A Clock- and Data-Recovery (CDR) IC for a Physical Layer Controller in an Asynchronous Transfer Mode (ATM) system operating at a bit rate of 2.488Gb/s is presented. The circuit was designed and fabricated in a 0.8μm BiCMOS process featuring 13GHz fT bipolar transistors. Clock-recovery is accomplished with a Phase-Locked Loop (PLL). The PLL uses a Phase- and Frequency Detector (PFD) to increase the pull-in range. No external components are required. A novel Voltage Controlled Oscillator (VCO) generating both in-phase and quadrature clocks, required by the PFD, is presented. The CDR includes a 1:8 demultiplexer with bit-rotation. Emitter Coupled Logic (ECL) is used in the PLL, data-regeneration and part of the demultiplexer, while the low-speed parts of the demultiplexer are implemented in dynamic CMOS using the True Single-Phased Clock (TSPC) approach.

1. INTRODUCTION

The Clock- and Data-Recovery circuit is part of a Physical Layer Controller for a 2.5Gb/s Asynchronous Transfer Mode (ATM) system. In optical fiber transmission only the data signal is transmitted, the reference clock signal must be generated at the receiving end from the data signal. Two popular methods for extracting the clock information from the data signal are narrow-band filters [1] and phase-locked loops [2]. To reduce the bandwidth of the optical signal, a Non Return to Zero (NRZ) coding is usually chosen, although clock extraction is harder for this coding scheme than other coding schemes, e.g. Return to Zero (RZ), since an NRZ signal contains no energy at the clock frequency. When using narrow-band filters it is therefore necessary to preprocess the NRZ signal in a nonlinear element before filtering the clock signal from the data. In addition to preprocessing, a narrow-band filter is usually bulky, and not suited for integration. A better suited method for integration is to use a Phase-Locked Loop (PLL) where the phase of a local oscillator is aligned with the phase of the incoming data, using a feedback loop. This solution and its implementation in a 0.8μm BiCMOS process featuring 13GHz fT bipolar transistors [3] is presented in this paper.

2. CDR ARCHITECTURE

A block diagram of the CDR circuit is shown in Figure 1. The Phase and Frequency Detector (PFD) compares the arriving data with the clock generated by the Voltage Controlled Oscillator (VCO), generating an error-signal that is filtered in the Loop Filter (LF) and fed back to the VCO. A basic Master-Slave flip-flop is used to regenerate and synchronize the data, using the clock signal from the VCO.

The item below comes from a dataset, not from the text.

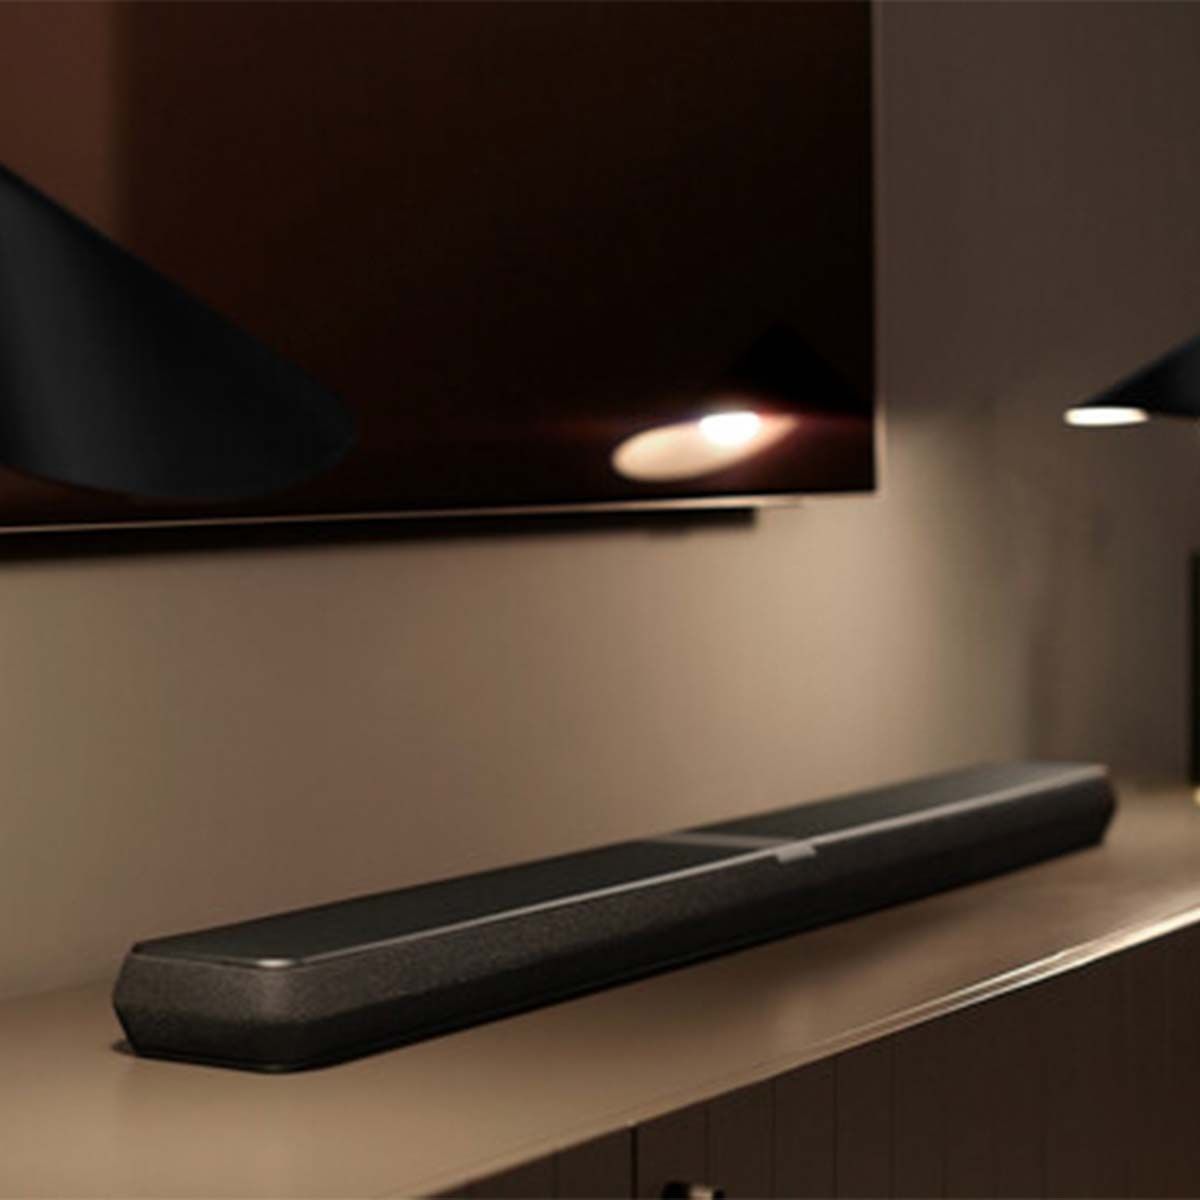 Bowers & Wilkins Panorama 3 Soundbar, angled view of resting on a media console

Figure 1. CDR block diagram

The PFD used, and illustrated in Figure 2, is a minor variation of one presented by Potthäcker et al [2]. The PFD consist of two identical Phase-Detectors (PD), a Frequency-Detector (FD) and a Loop Filter Driver. In the two PDs the data is sampled with the in-phase and

0-7803-3073-0/96/$5.00 ©1996 IEEE 125
quadrature clocks respectively, resulting in two beat notes, at nodes Q1 and Q2, with a frequency equal to the difference between the data bit rate and the VCO clock frequency. By examining the phase relation between the two beat notes, the FD can determine whether the VCO frequency is higher or lower than the data bit rate.

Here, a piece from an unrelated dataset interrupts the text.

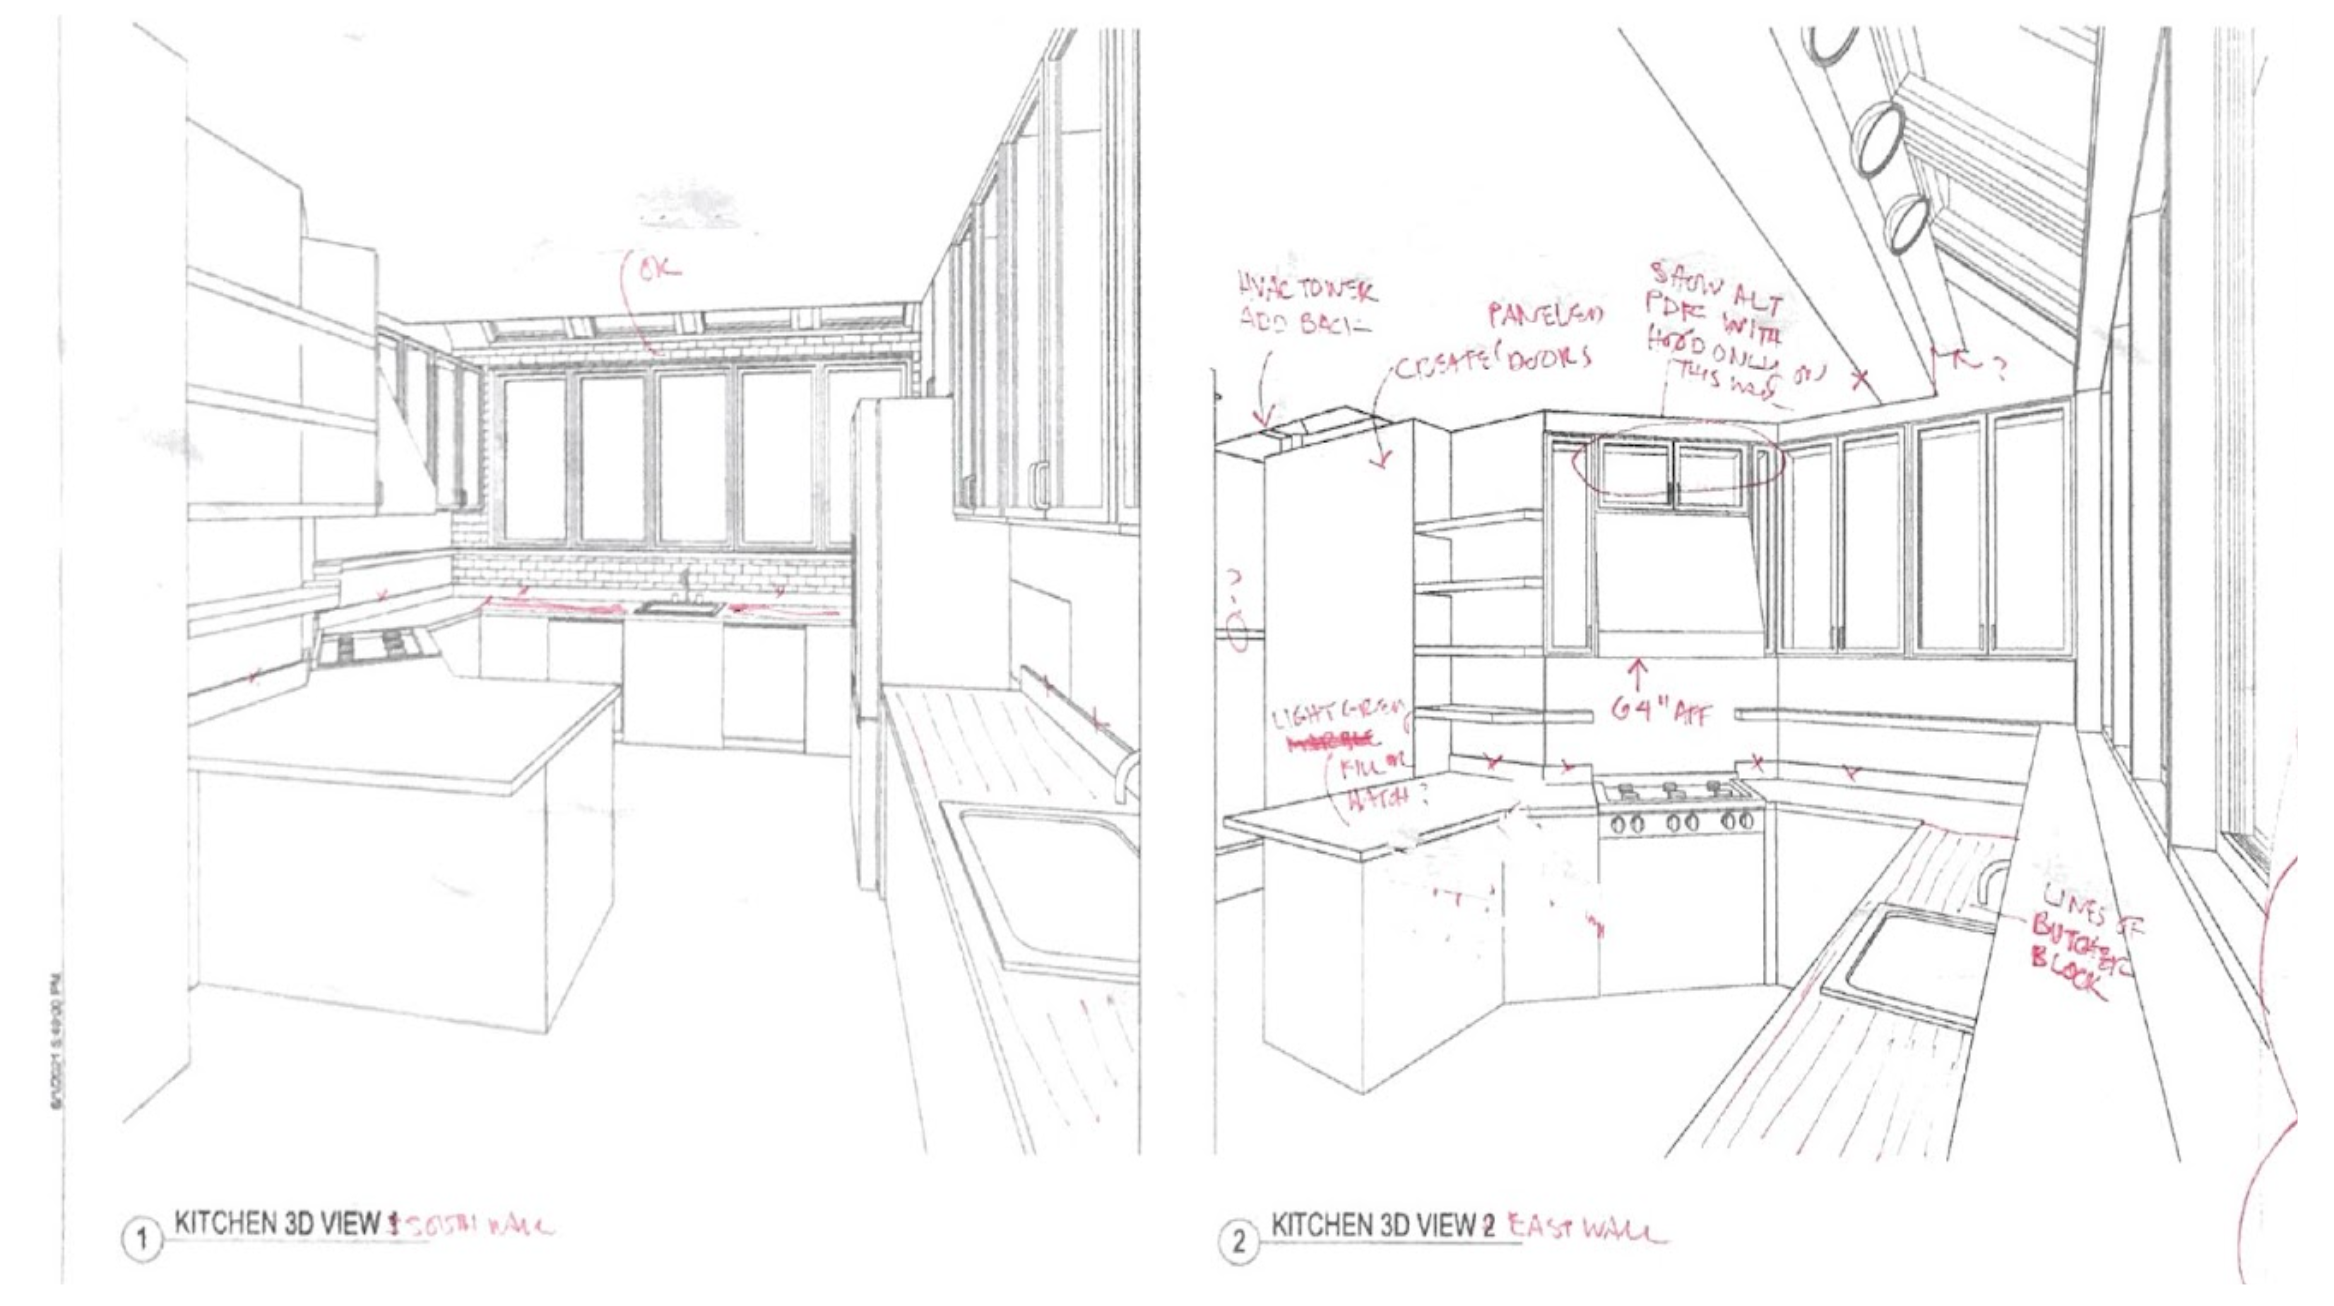 Two 3D sketches of a kitchen, from different points of view, with design notes

![Figure 2. PFD block diagram](image)

In previous work [2], the outputs from one PD and the FD are summed in the analogue domain, resulting in a ternary output from the PFD. To avoid this, and associated problems, the PFD outputs are processed digitally in the Loop Filter Driver.

The acquisition procedure consists of two stages, frequency-acquisition and phase-acquisition. During frequency-acquisition, the PD output will have a duty cycle very close to 50%, and can therefore not be used to drive the VCO towards lock. In this case the outputs from the FD, given in Table 1, are used to make sure that the VCO control voltage is pulled in the right direction. Due to the digital nature of the control loop, there is no steady-state for the VCO control voltage. The active area occupied by the PLL is 0.54mm² and the power dissipation is approximately 250mW.

![Figure 3. VCO schematic](image)

### Table 1. Phase and Frequency Detector states

<table>
<thead>
<tr>
<th>State</th>
<th>Q1</th>
<th>Q2</th>
</tr>
</thead>
<tbody>
<tr>
<td>Freq. acq. (f_{VCO} &lt; f_{data})</td>
<td>Low</td>
<td>High</td>
</tr>
<tr>
<td>Freq. acq. (f_{VCO} &gt; f_{data})</td>
<td>High</td>
<td>Low</td>
</tr>
<tr>
<td>Phase acq. (f_{VCO} = f_{data})</td>
<td>High</td>
<td>High</td>
</tr>
</tbody>
</table>

### 3. VOLTAGE CONTROLLED OSCILLATOR

The PFD used requires two clock signals with a 90-degree phase shift, if the phase shift is not exactly 90 degrees the PFD will still work, but with an asymmetric pull-in range. A VCO that generates quadrature clock signals with an accurate phase shift is shown in Figure 3, it is based on the VCO presented in [4] by Razavi and Sung.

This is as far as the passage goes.